Franklin, who works as an academic advisor at ETSU, disagreed.
“I think no doubt that the Tennessee Promise is going to hurt the four-year schools,” Franklin said. “The developmental study system, which came from a previous bill called the Complete College Tennessee Act, means that, if someone has ... math skills on a fourth-grade level, he can complete all his math requirements at one semester at ETSU. The Tennessee Promise is just bringing in more students without fixing some of those problems.”
The candidates also disagreed when Winkler asked if the candidates felt as though the religion of Islam was a threat to America, and if Tennessee should consider limiting the number of Muslim communities in the state.
“As far as limiting Muslim communities, I don’t feel like we have the right to limit religious communities,” Franklin said. “I wouldn’t want to limit Christian ... or Jewish communites. When we start limiting ideas we don’t like, then people are going to start limiting ideas that we do like.”
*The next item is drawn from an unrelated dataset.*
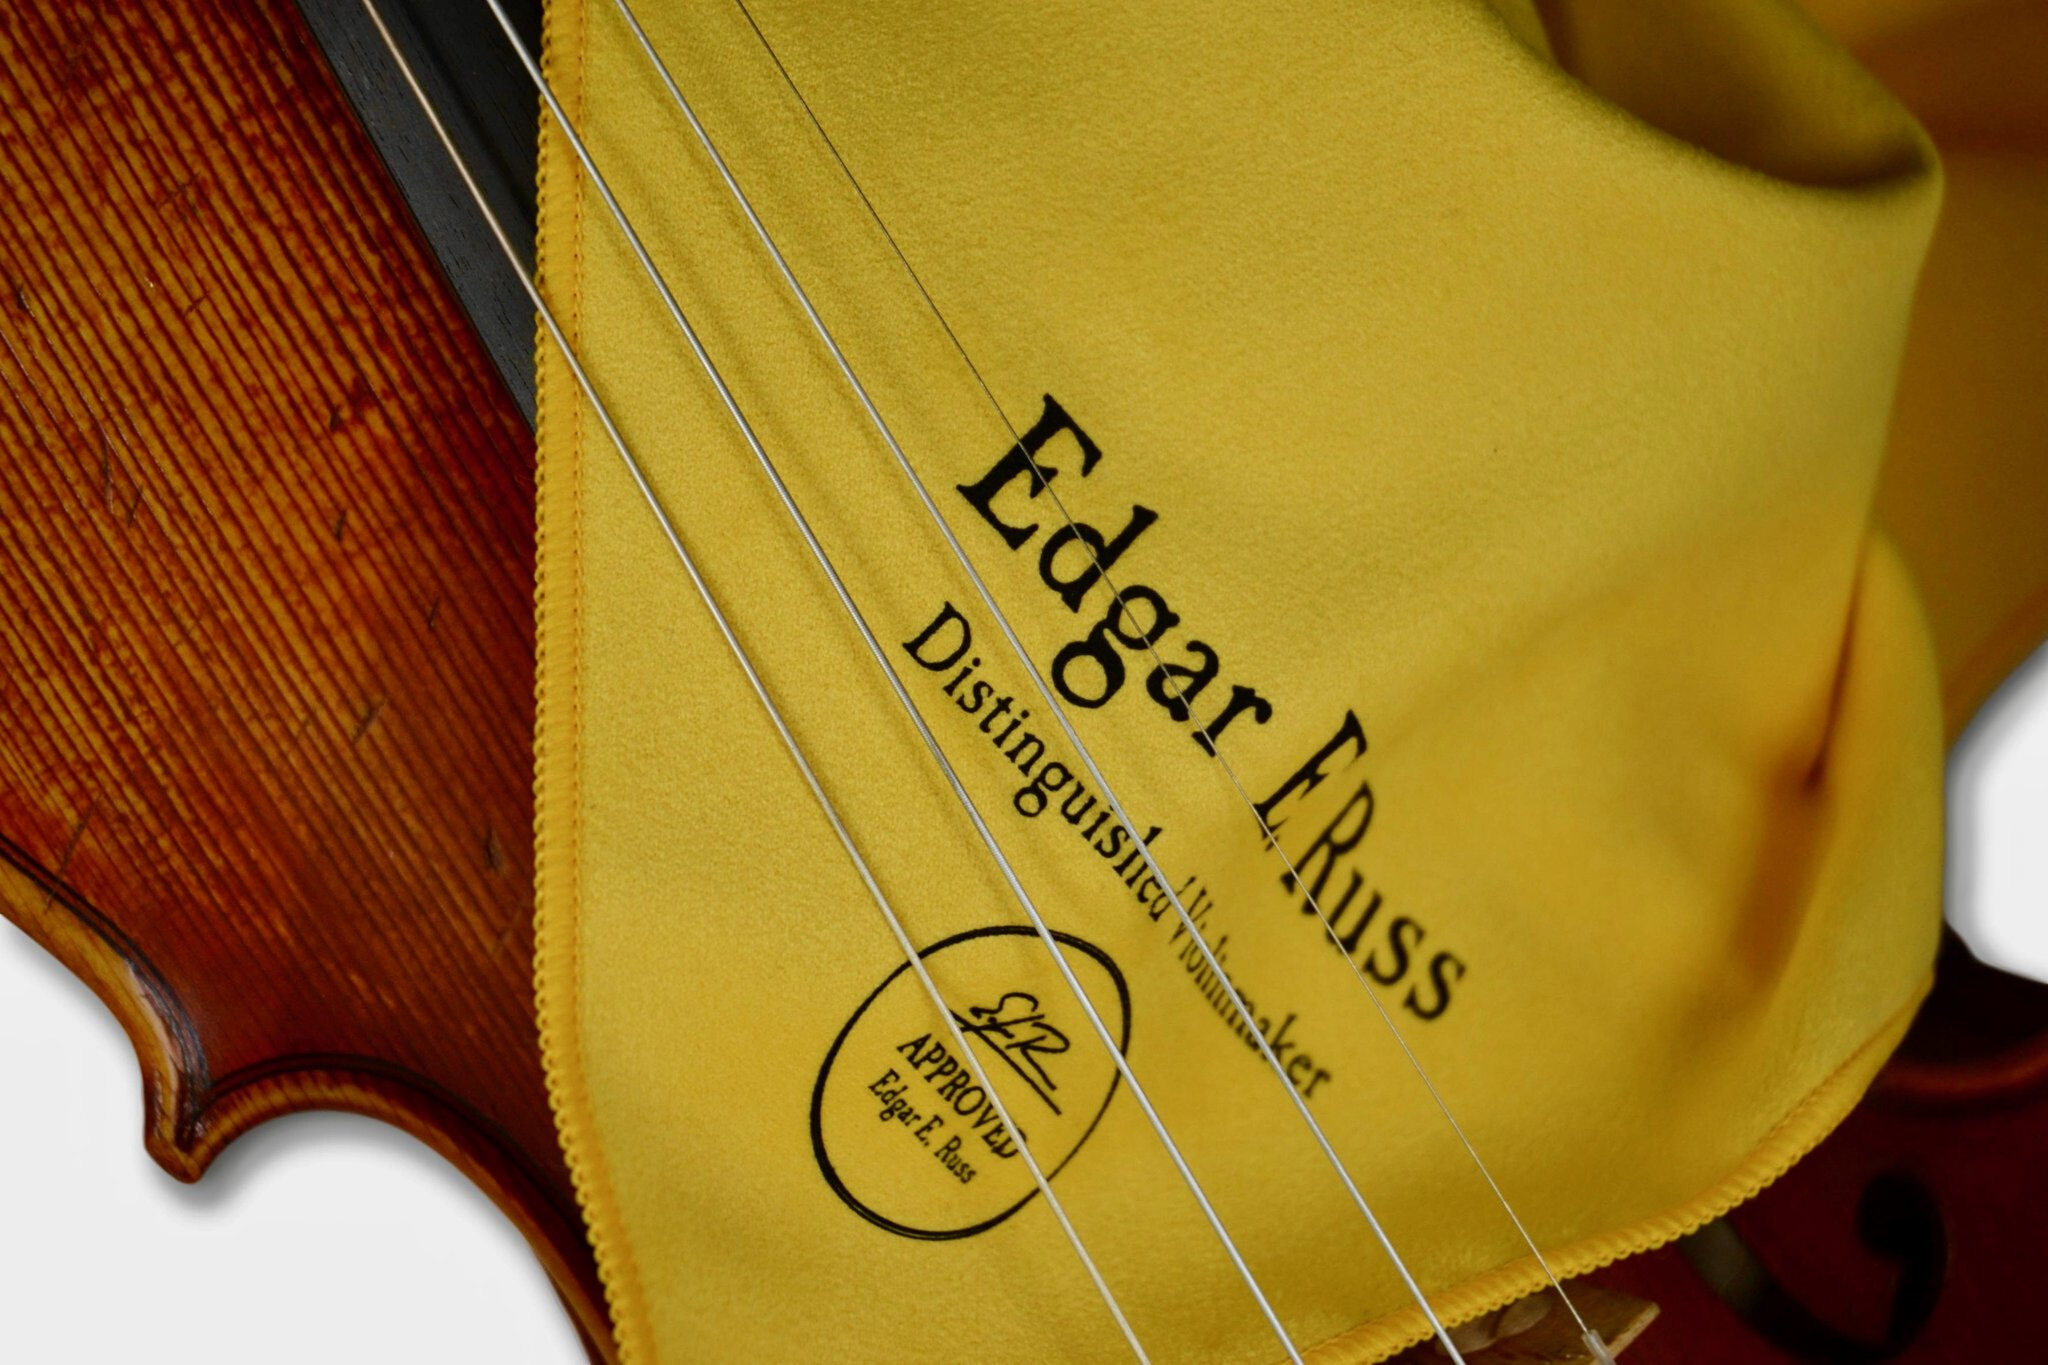 Edgar’s Gentle Instrument Cleaner Kit

Hill disagreed, however, with Franklin’s interpretation.
“If you look at Islam purely as a religion, I could understand Mr. Franklin’s views,” Hill said. “However, I look at Islam as a world-view. When you look at Islam as a world-view, absolutely it’s a threat to America.
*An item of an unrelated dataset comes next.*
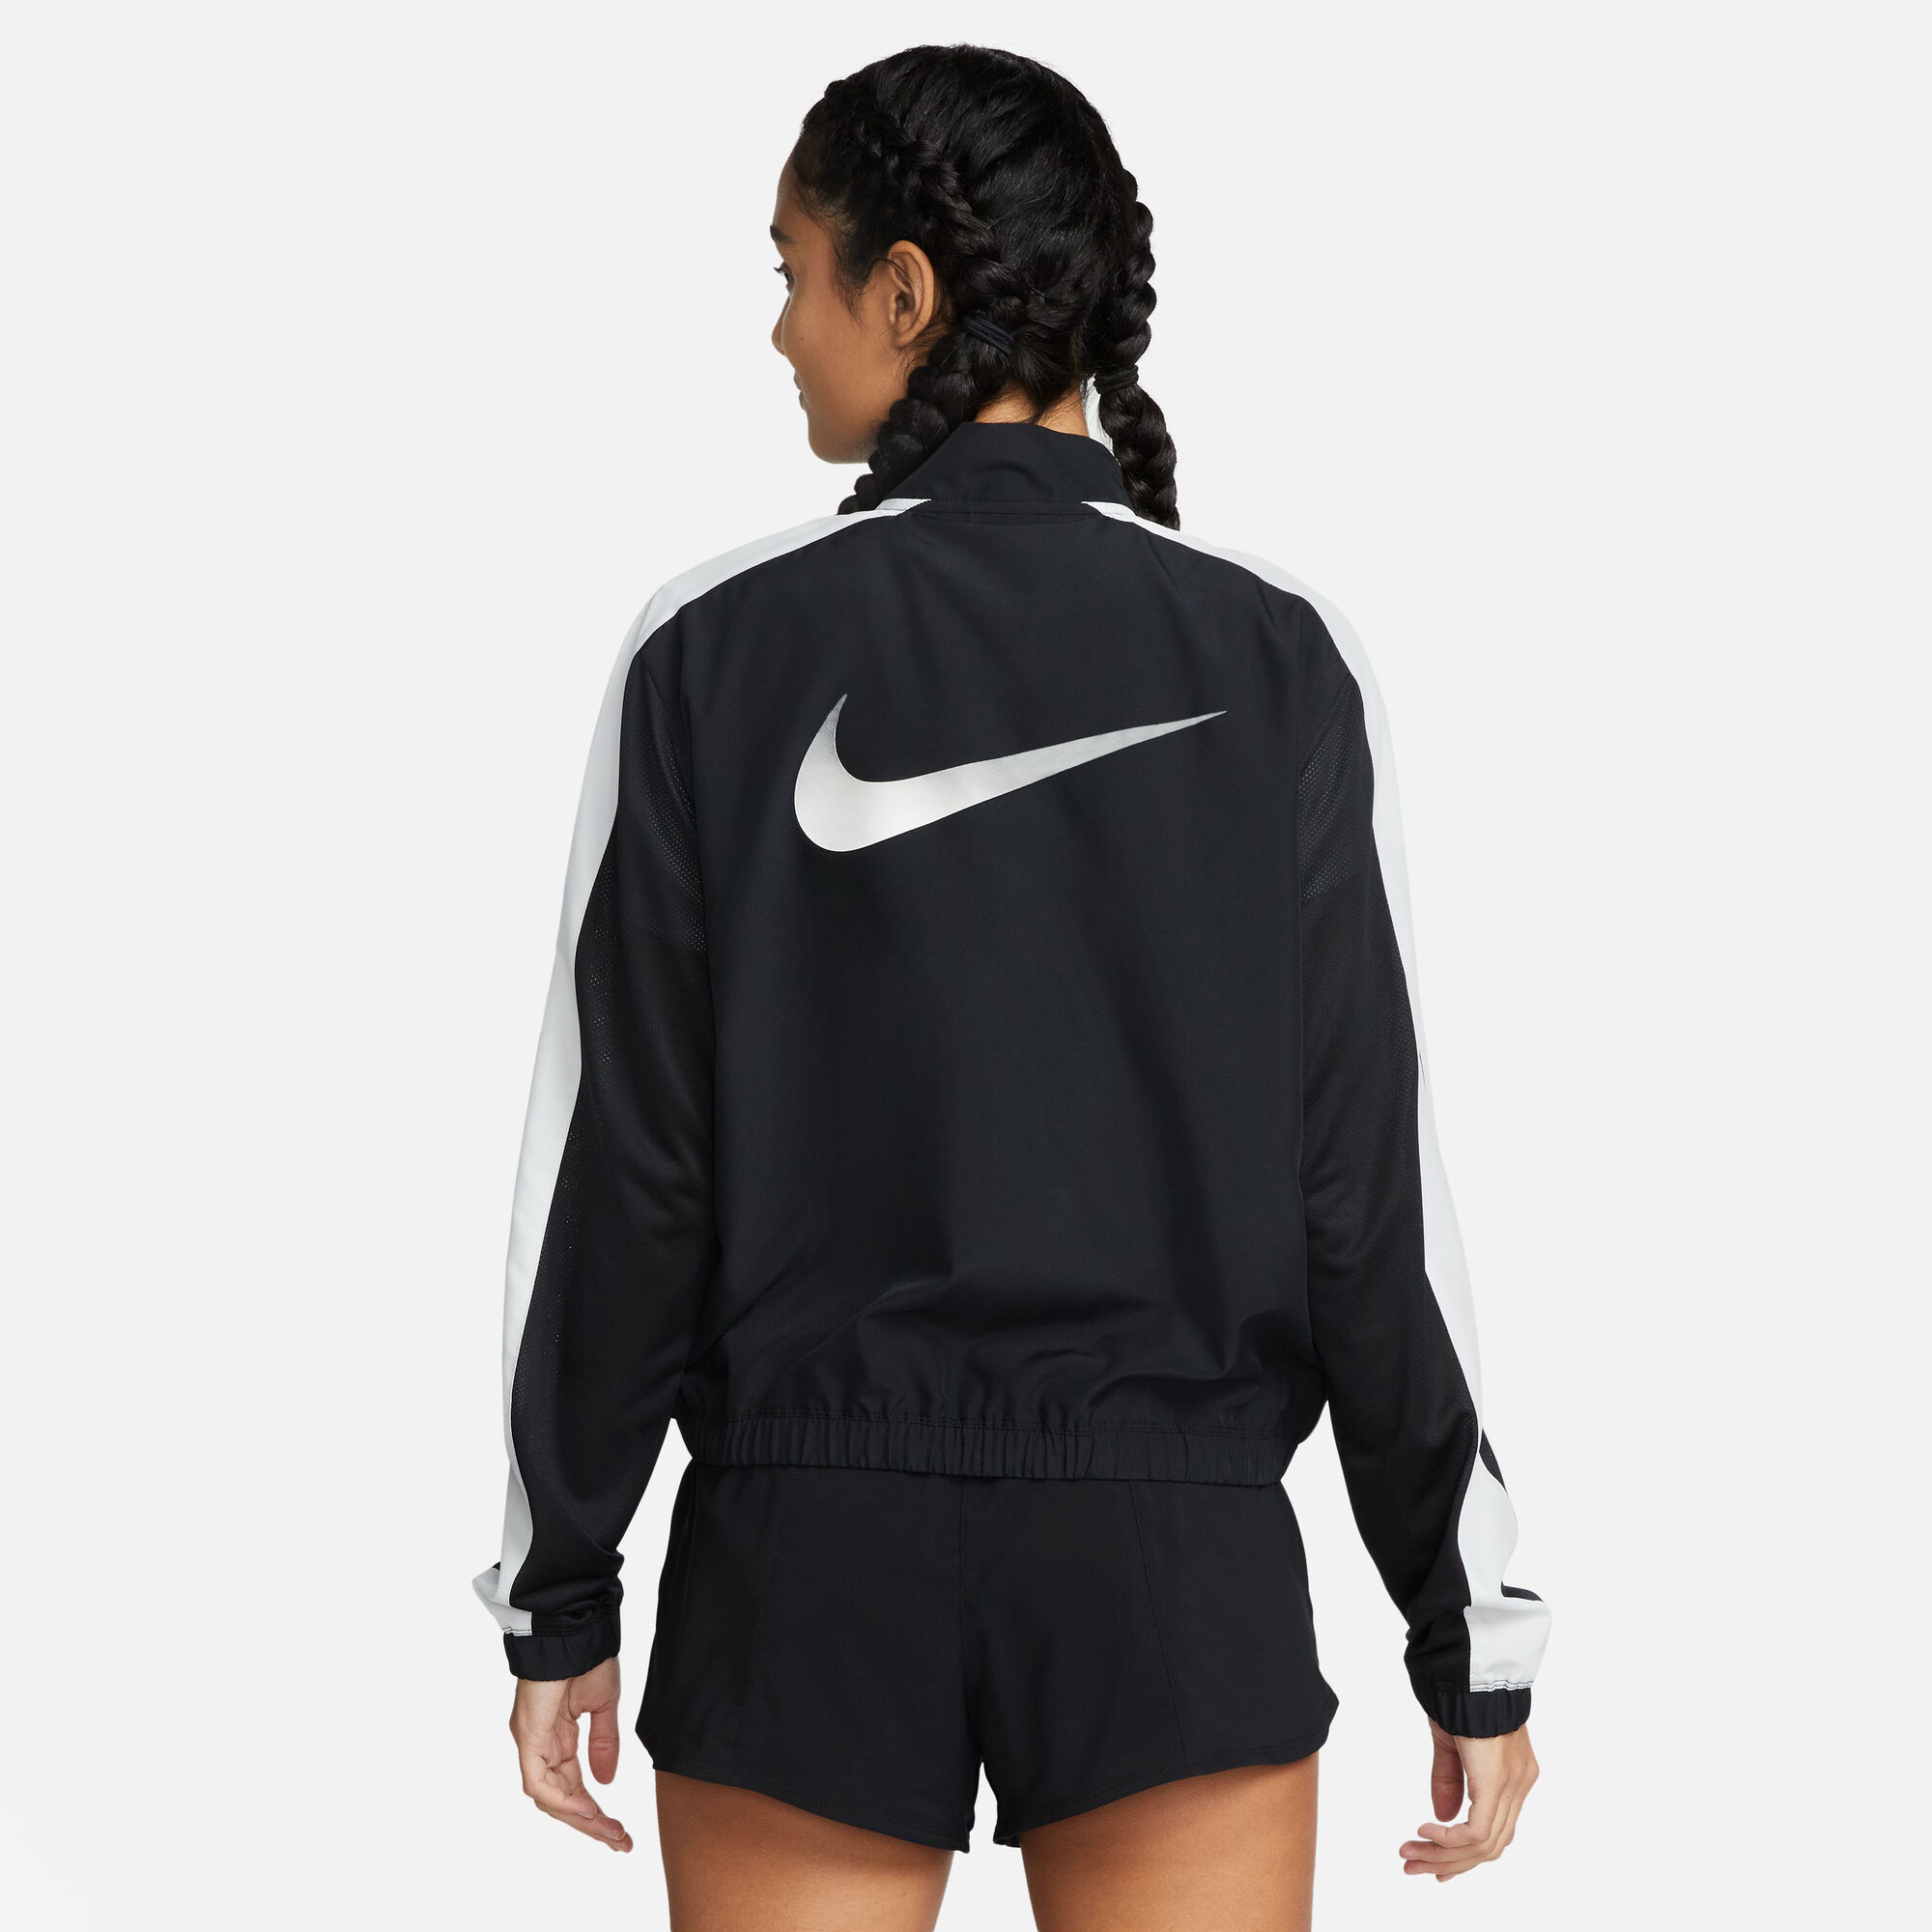 Buy Nike Swoosh Running Jacket Women Black, Grey online

“Can we limit? That, I think, needs to be taken up at a federal level. But ... when you look at (Islam) as a world-view, I think you can see the path of destruction.”
In his closing remarks, Franklin said education would be his main priority if he was elected to the Legislature.
“We need to get people an education so they can have a decent life,” Franklin said. “I feel like things like the Tennessee Promise are trying to shoo students into college who aren’t ready for college. Until they’re ready for college, I don’t care how much money you spend on it, it’s not going to happen.”
In Hill’s closing remarks, however, he did not address Franklin’s claims. Instead, he spoke on Carriger’s absence.
“Tonight, I just have a question — where’s Phil?” he said. “We don’t know if he believes in local control of education ... we don’t know if he’s going to have an open door policy. What do we know? We know he’s not here.”